What is your scientific background?
I studied Biology in Leipzig, Germany. This was before the European Bologna process and therefore not divided in Bachelor and Masters degree. In the advanced study period, I specialized on Immunology, Physiology, and Biochemistry and did my final thesis in Immunology on a project about actin polymerization in monocytes in response to endotoxin. Then I did my Ph.D. in Leipzig in a collaboration between the Immunology Department and the Department of Internal Medicine in the „Experimental Rheumatology“ group. I studied the interaction of monocytes and T cells in patients with rheumatoid arthritis. I also did my postdoctoral studies in the „Experimental Rheumatology“ group in Leipzig revolving around monocytes and rheumatoid arthritis. I completed the postdoctoral studies with the habilitation thesis.
Why did you choose to become a scientist? How did you choose your field of study?
As a child, I always had my nose in books, had a strong interest in science and wanted to know everything. To quote Goethe’s Faust „So that I may perceive whatever holds, The world together in its inmost folds“. But aside from science in general, my main interest was space and astronomy and of course, I wanted to pursue this. Unfortunately, I let discourage myself by my guidance counselor in school, who thought Physics studies would be too hard for me and astronomer would be a dead-end job. The guidance counselor studied Physics herself, maybe her experience led to this recommendation, I don’t know. She pointed me to Biology because this was the school subject I rank among the best in the school. Biology was one of my favorite subjects in school in addition to Mathematics, and that is how it came that I studied Biology. And the Goethe/Faust quote is still true but now I study the „inmost folds“ of cells.
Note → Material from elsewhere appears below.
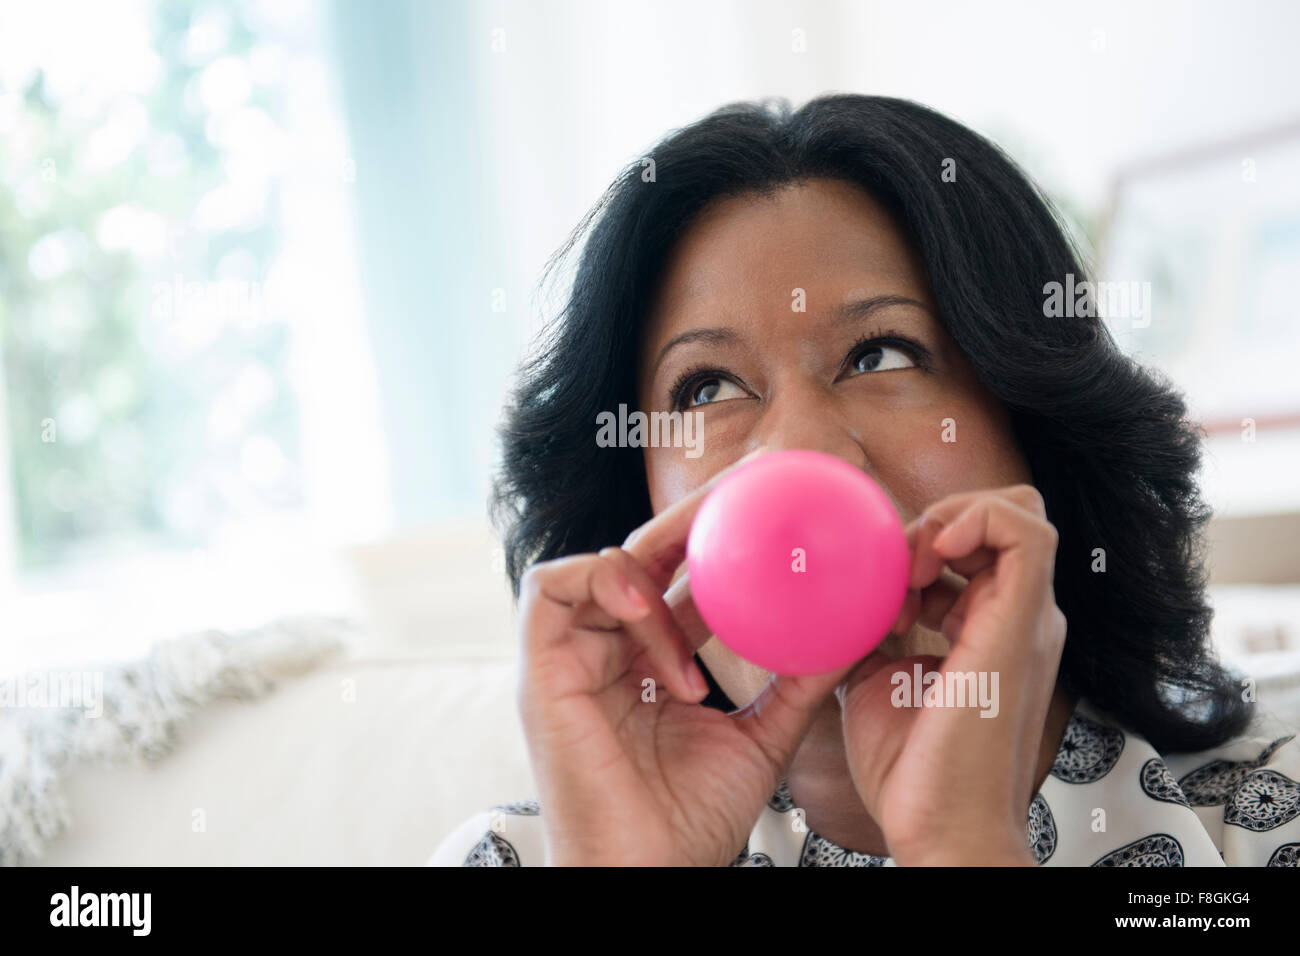 Black woman inflating balloon Stock Photo

Which topic are you working on at the moment?
I’m working on monocytes which are the first line of defense in the innate immune system. In the past years, I studied many monocyte functions, interaction with other cells, their role in the autoimmune disease rheumatoid arthritis and monocyte subpopulations. More recently, I focused on the activation of monocytes by calcium ions via the G-protein-coupled receptors CaSR and GPRC6A and role of calcium ions acting as danger molecules in patients with rheumatoid arthritis. As you see, monocytes are my favorite cells.
What are your biggest achievements, and what your biggest failures?
I consider my Ph.D. my biggest achievement because it was a dream of mine right from start, right from my first step into the University. So the path was clear and I followed this path without any doubt. Needless to say, I encountered many typical research problems during my Ph.D. but I never thought about not getting the Ph.D. in the end. So the day of the defense was a very happy day for me. I was the first from my family to get a Ph.D. which made it extra special.
My biggest failure is probably that I didn’t pursue a Ph.D. or postdoctoral research time in the US, Canada or UK. It would have helped a lot to further my career in academics.
Besides your scientific interests, what are your personal interests?
Nowadays I’m mostly working on the computer and not in the lab and that is why it is important for me to be active in my time outside of work. I go hiking and most of the times I combine it with Geocaching, and I love to visit the northern European countries, especially Norway. And I have two Golden Retrievers who also keep me active. Of course, I’m still interested in Space & Astronomy, I read a lot about it and #spacetwitter it a great source for everything about Space. I’m doing some Astrophotography, nothing fancy, just what you can do with a normal DSLR and a 200mm lens.
If you had the option to give advice to a younger version of yourself, what would that be?
Push yourself out of your comfort zone more often and be proactive.